Here’s the thing. We’re car enthusiasts. We pick and choose our cars on emotional whims, and spend aching hours obsessing over the cars we desperately want to own. Often, the cars we choose are neither cheap nor practical, and many of us will admit our fleets are not always in the best mechanical shape. That raises a question: What car should you be driving, instead of whatever impractical/unreliable/suboptimal machine is sitting in your driveway?
I’ll openly admit I’m guilty of some folly in this regard. I drive an Audi TT – a drop-top roadster, of course – in one of the rainiest cities in Australia. I live deep in the inner city, so I barely ever actually drive the thing, and its ride height is so low that it’s getting beat up every time I go over a speed bump. Of course, it’s my dream car, so I hold on to it for dear life.

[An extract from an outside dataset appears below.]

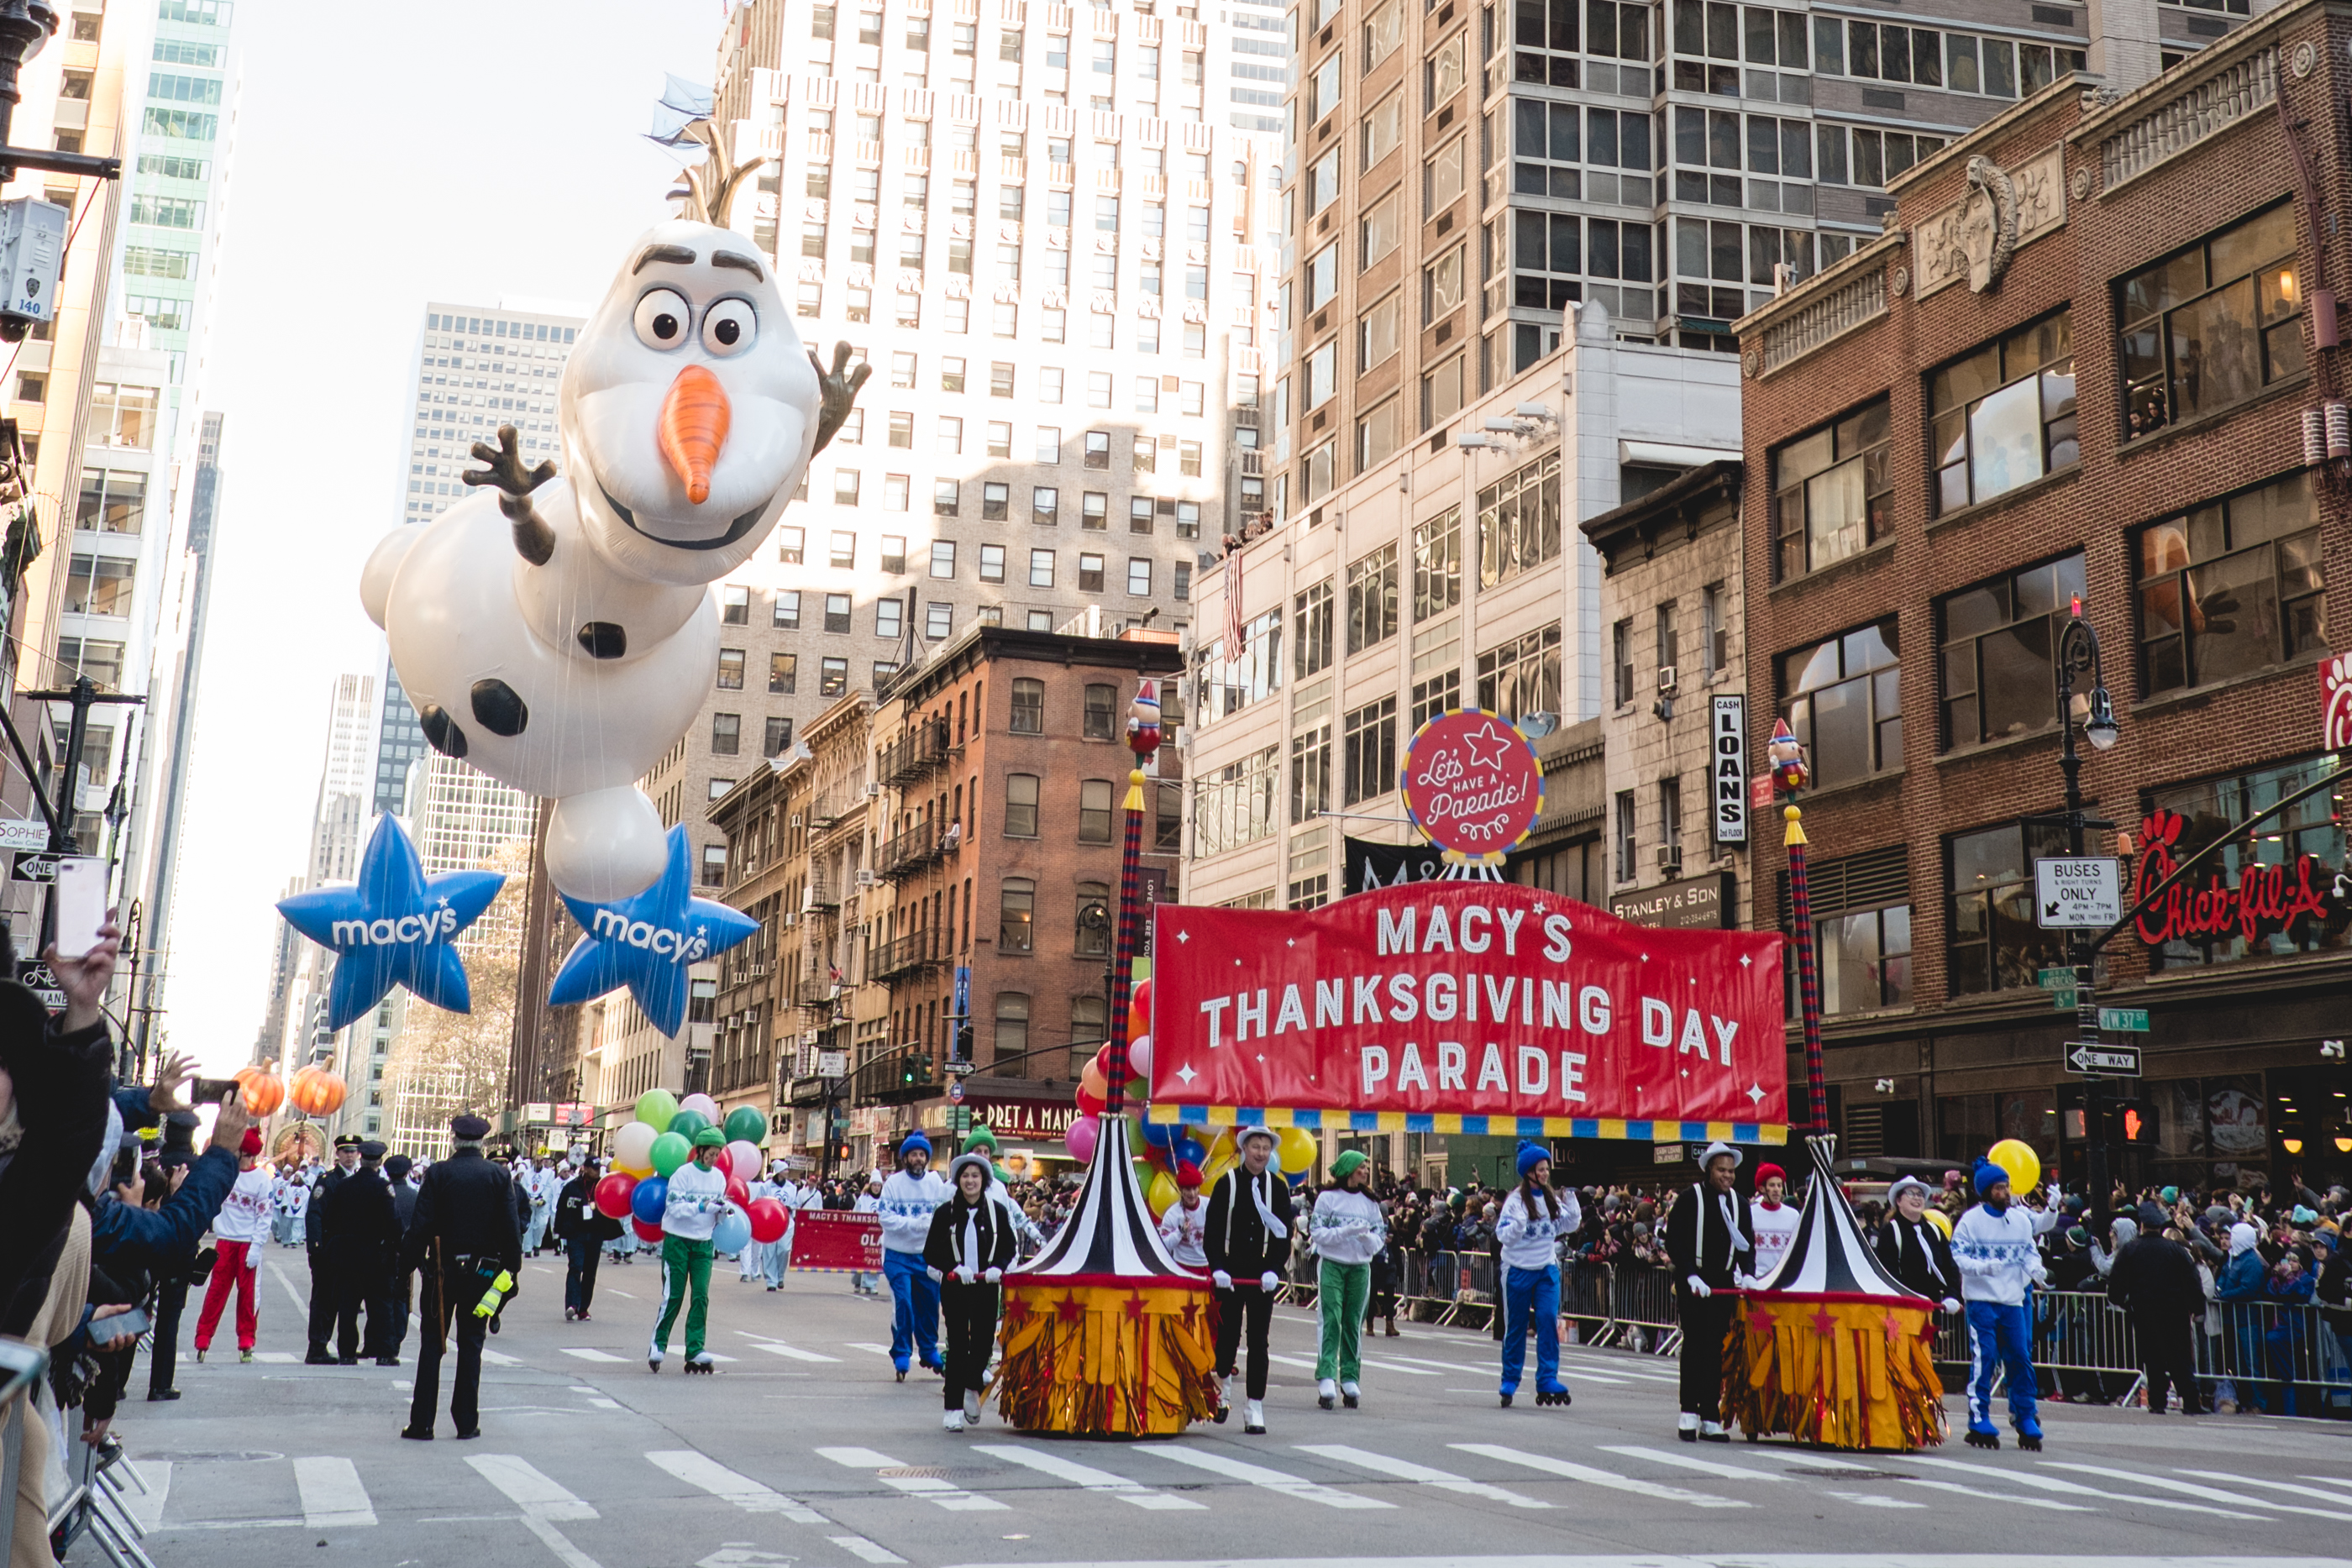 The Macy’s Day Parade A Life Goal Adventure In NYC » Live Lovely

Basically, I should be driving something else. And I know exactly what that car is. See, on the day I bought the worst car I’ve ever owned, I had actually test-driven something else. It was a first-generation Honda HR-V. This vehicle ticked a lot of boxes for me. It was all-wheel-drive, with a good ride height, so I could totally blast it around on the beach in the summer. Plus, it had a manual transmission. Ultimately, though, it felt cheap and a bit janky, so I passed it over for that hateful BMW.

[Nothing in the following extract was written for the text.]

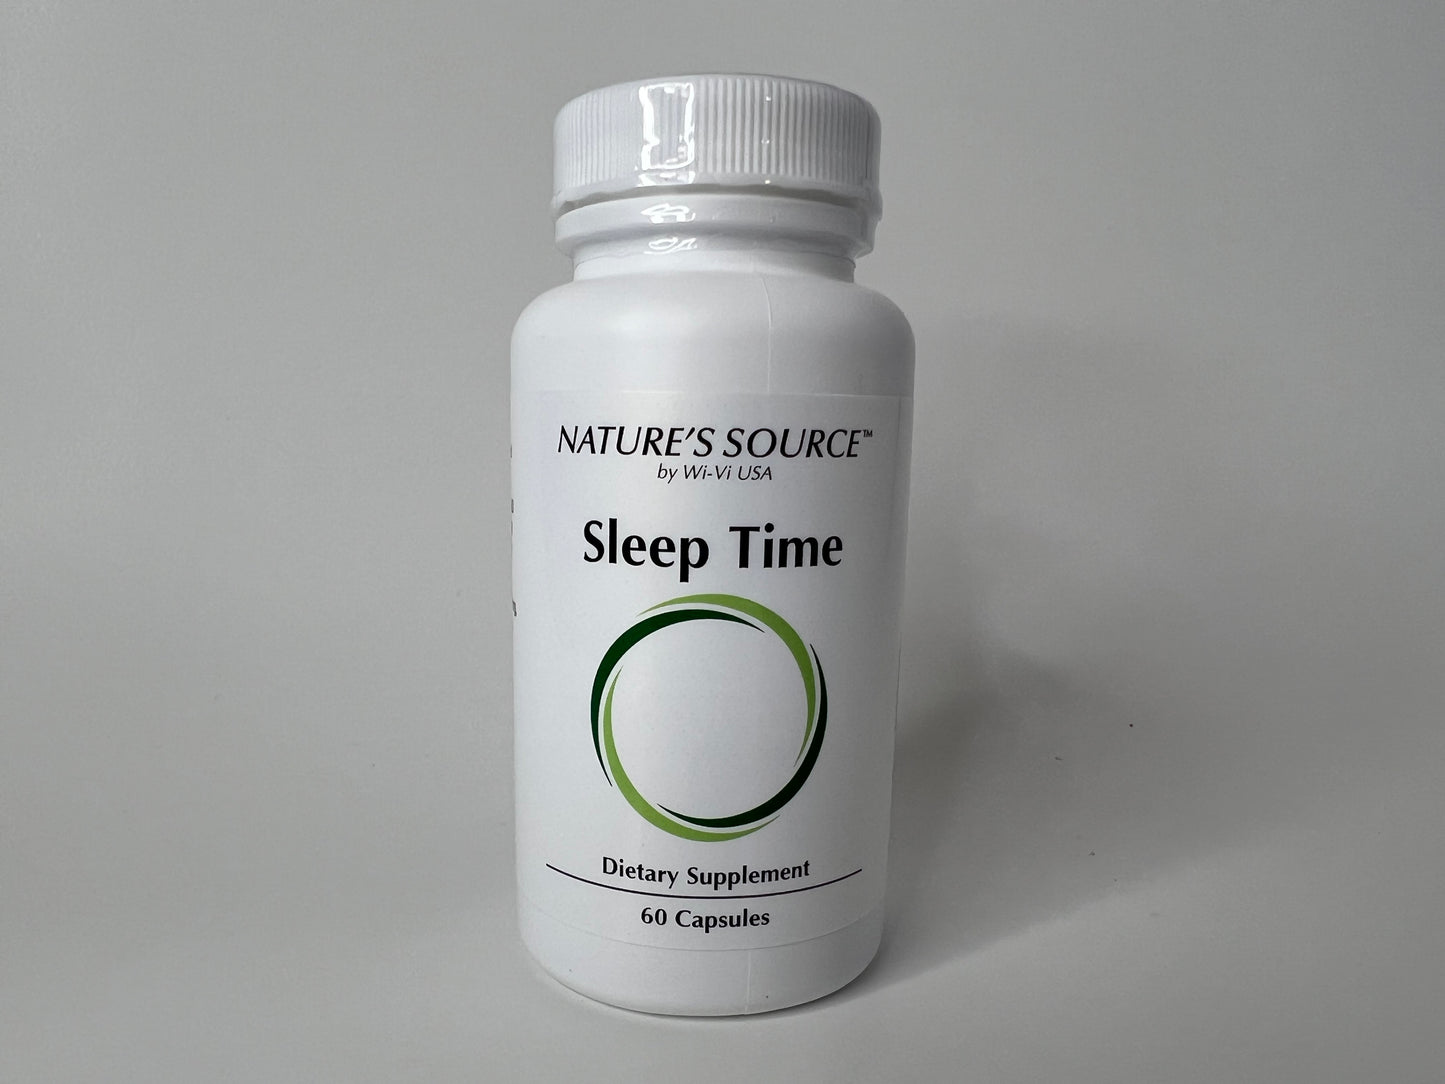 Sleep Time (60 Capsules) by: Nature's Source

Now that I’m living in the city, I realize this Honda would have been perfect for me. It had a nice high driving position, and absolutely wouldn’t fuss over any of the bumps, grates, or kerb ramps that plague the city. With no turbo, it would have been a touch better on gas than the Audi, plus it ran on regular instead of premium. It also had tons of cargo space, and was so cheap, I could hardly make it worse even if I drank four liters of Mountain Dew and spewed all over the interior. I could have found parts for it all over the world. Plus, it was still manual, so it’d satiate that part of my enthusiast brain.
This would have been an altogether better car for the kinds of driving I do these days—infrequent, on clogged city roads. Plus, its just-barely-off-roadable ability would have served me well on the occasional jaunt to the out-of-doors. Still, I love my Audi, and I’m not complaining. I just realize that there was a better, cheaper option for me.

Now, since this is Autopian Asks, I throw this over to you. What should you be driving, instead of the brown diesel Cadillac coupe you’re so addicted to?